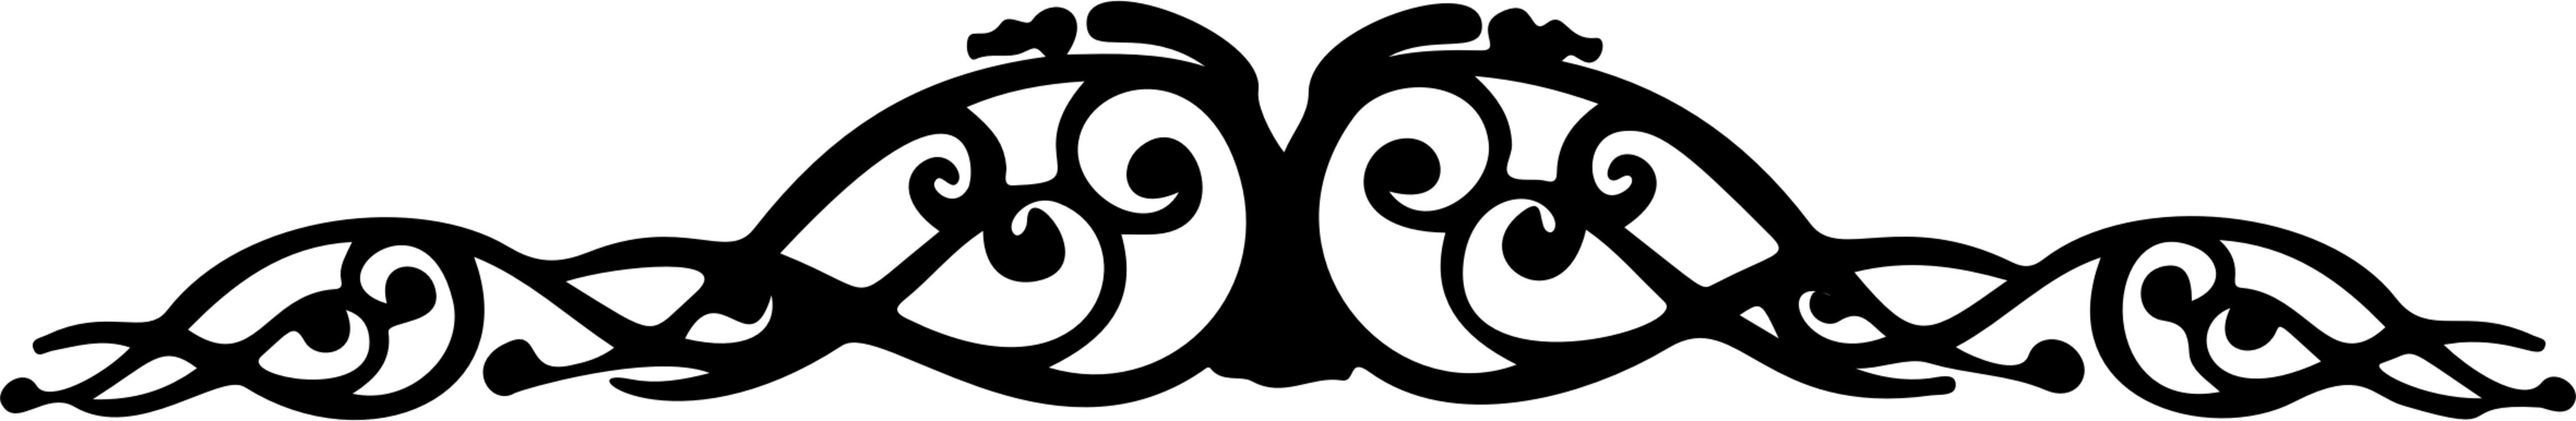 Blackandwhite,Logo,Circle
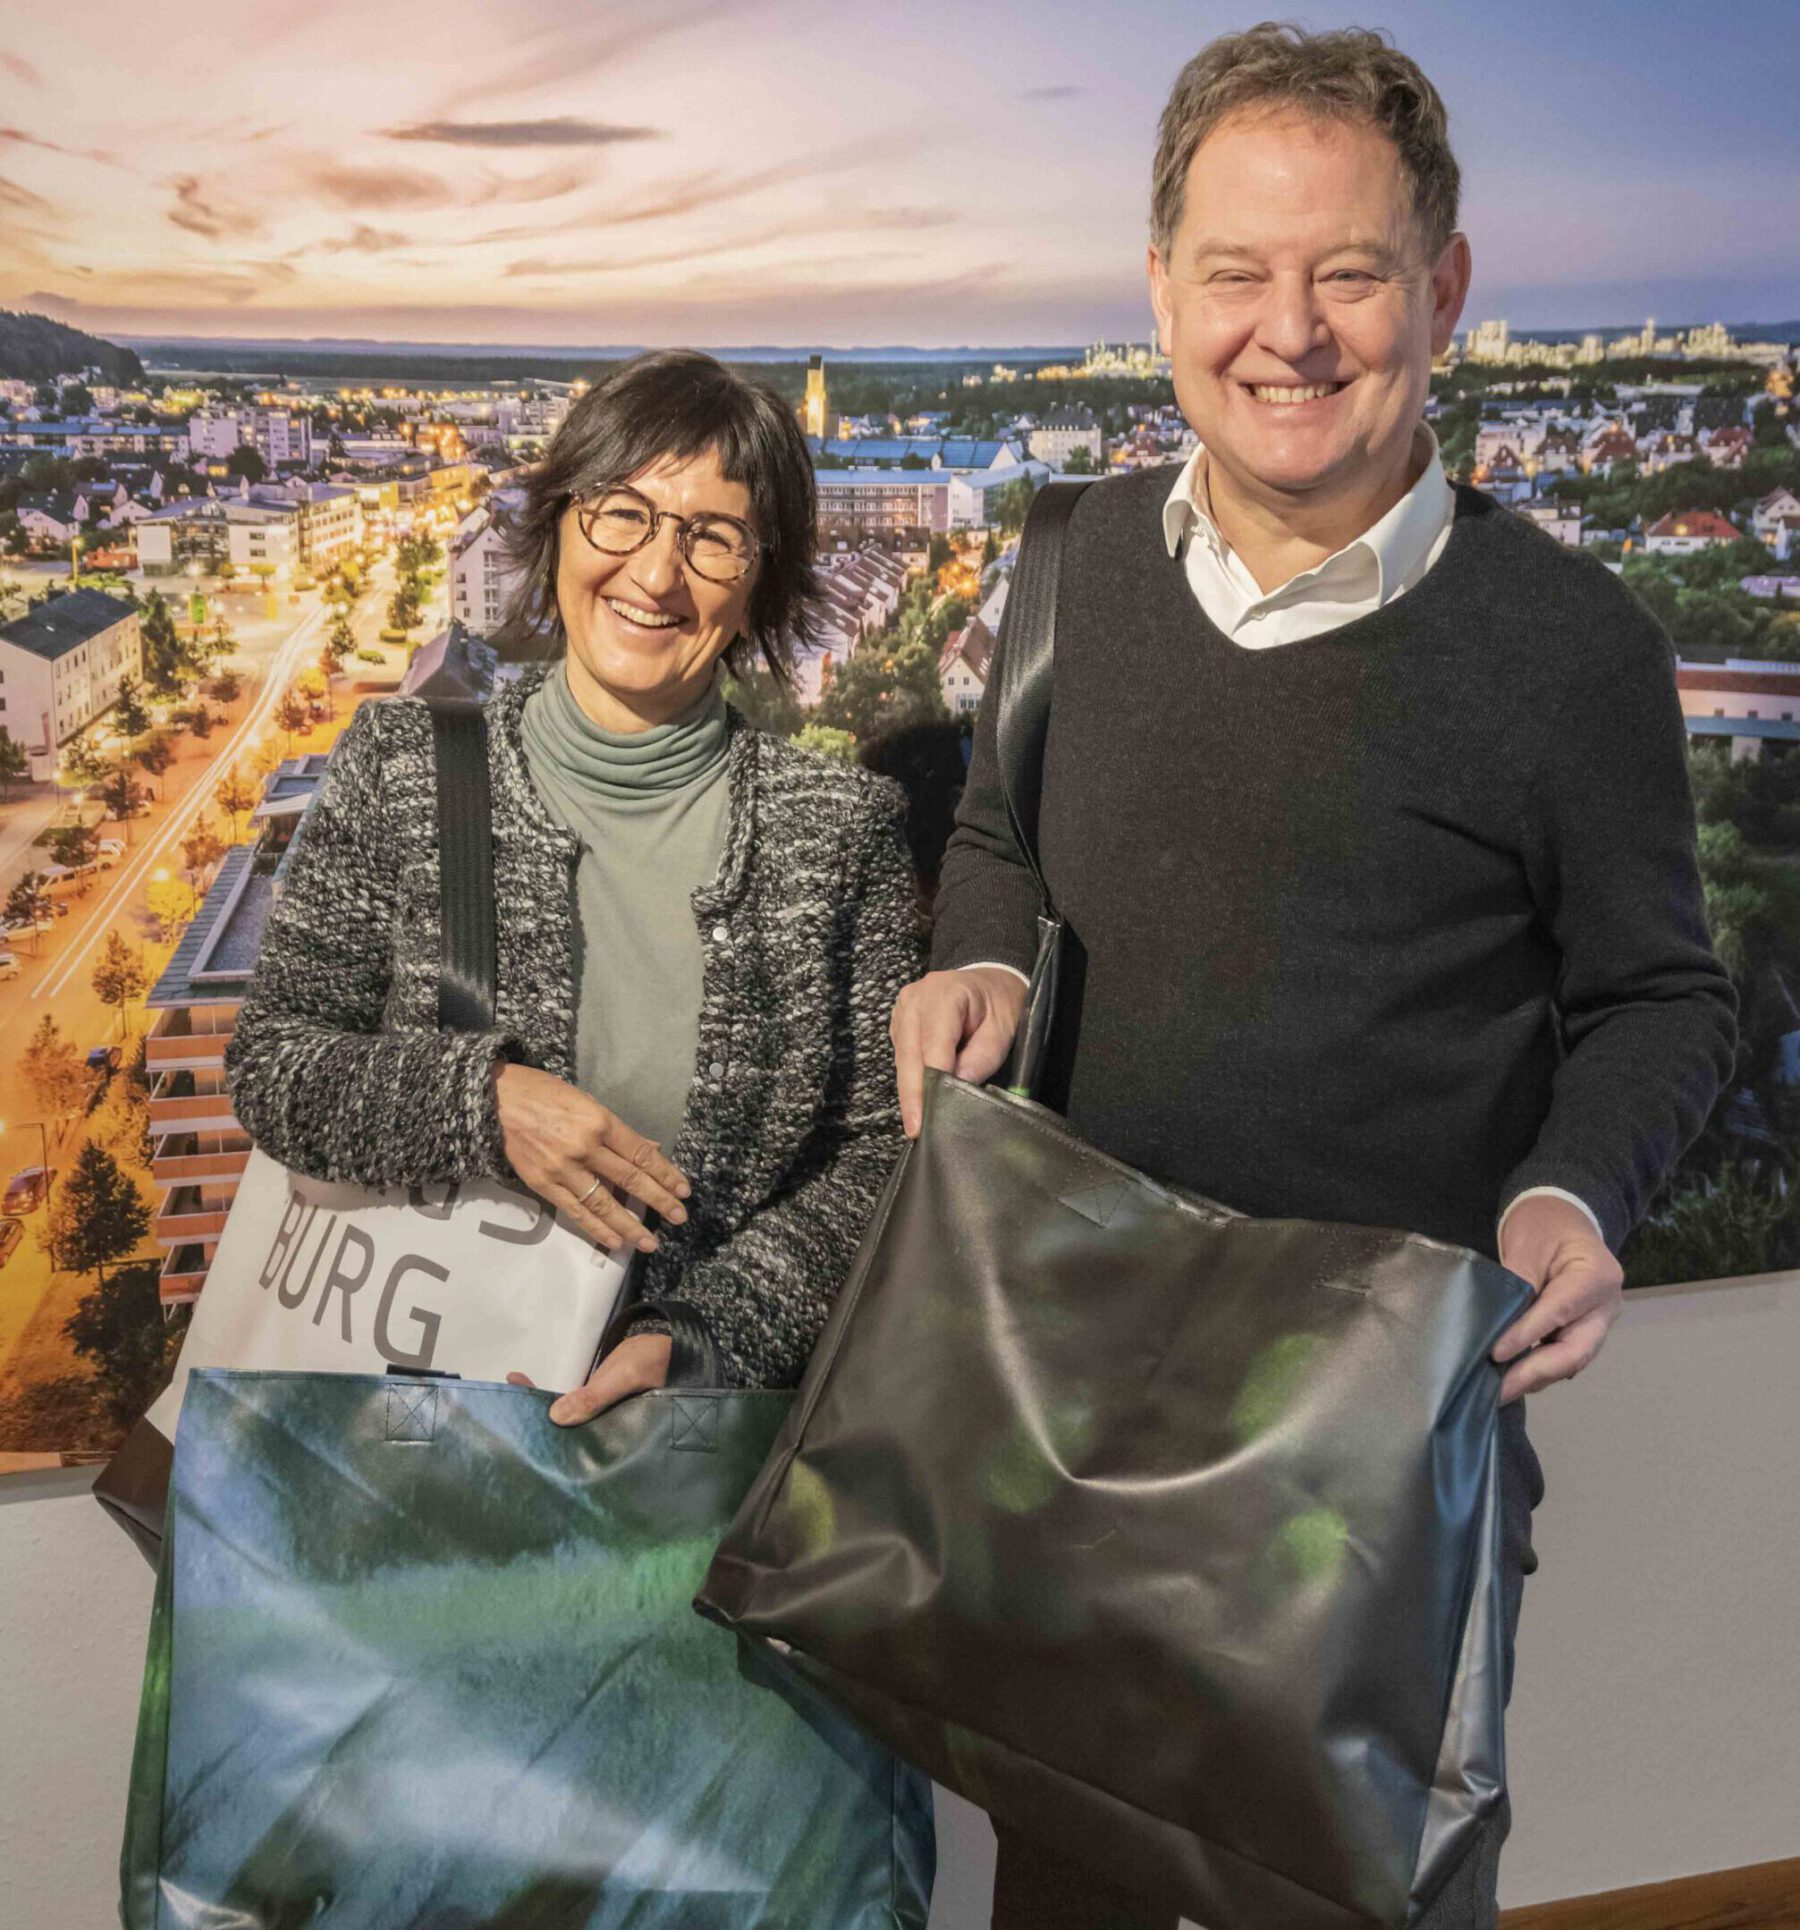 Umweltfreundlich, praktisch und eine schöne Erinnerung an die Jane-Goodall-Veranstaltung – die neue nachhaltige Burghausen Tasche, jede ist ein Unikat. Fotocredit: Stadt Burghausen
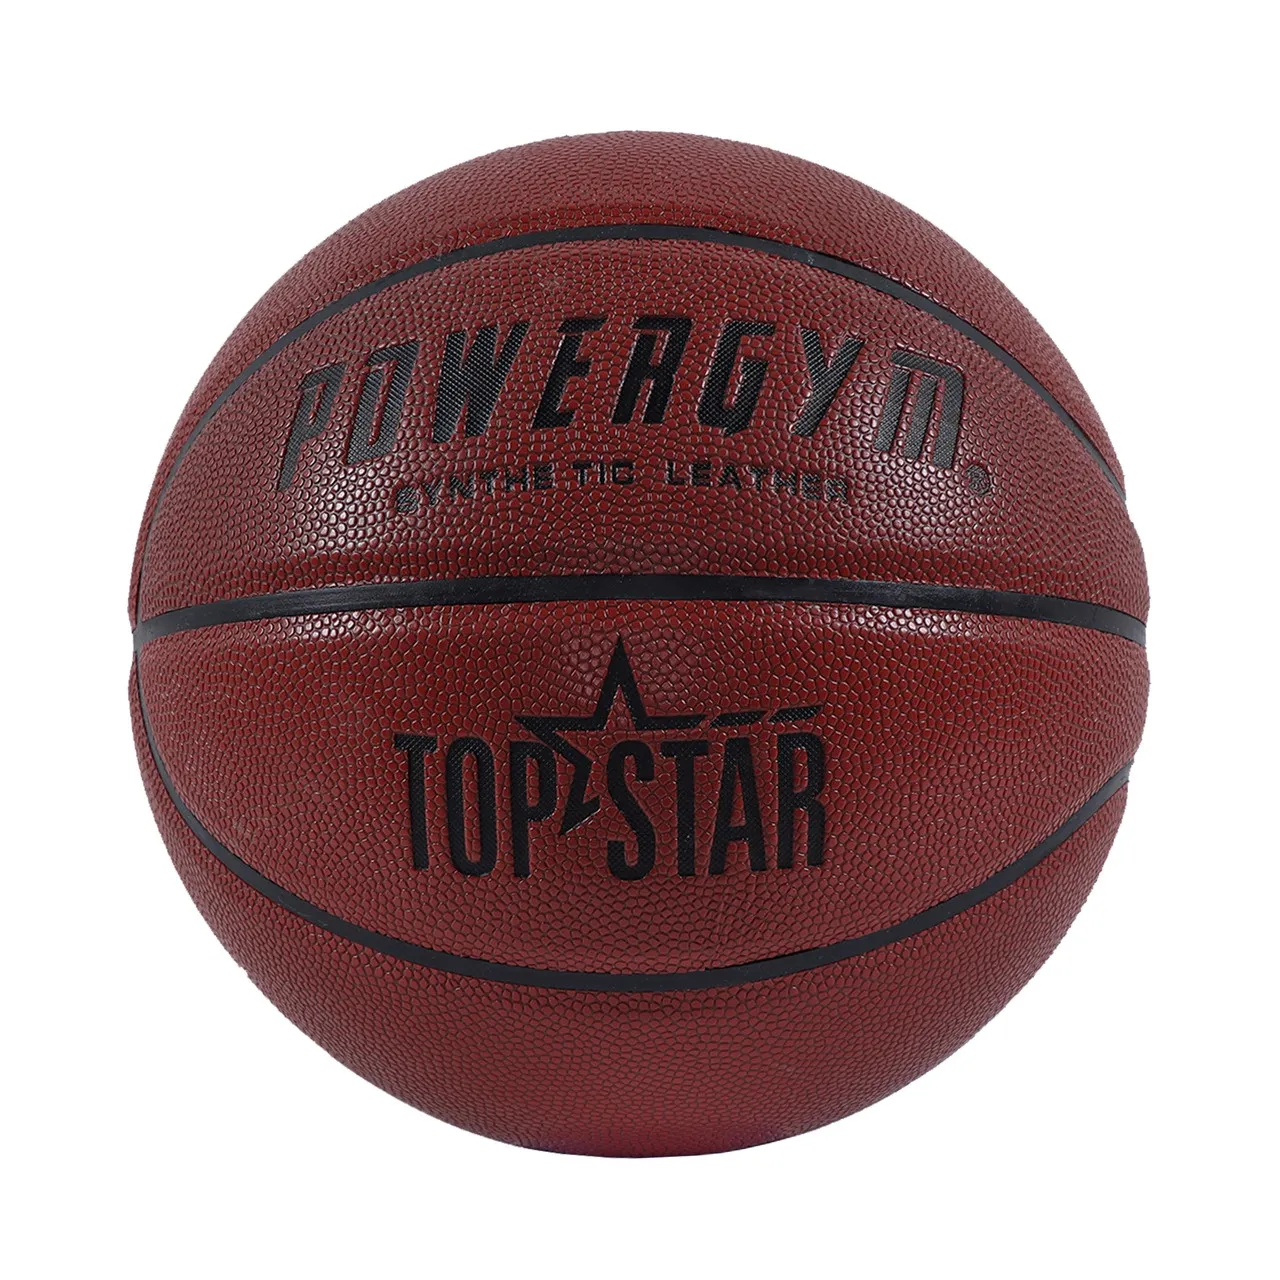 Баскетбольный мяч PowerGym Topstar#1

• **Exercise instructions**: Would you print the whole listing exactly, omitting the pictures?

• **Result**:
 Blackandwhite,Logo,Circle
 Umweltfreundlich, praktisch und eine schöne Erinnerung an die Jane-Goodall-Veranstaltung – die neue nachhaltige Burghausen Tasche, jede ist ein Unikat. Fotocredit: Stadt Burghausen
 Баскетбольный мяч PowerGym Topstar#1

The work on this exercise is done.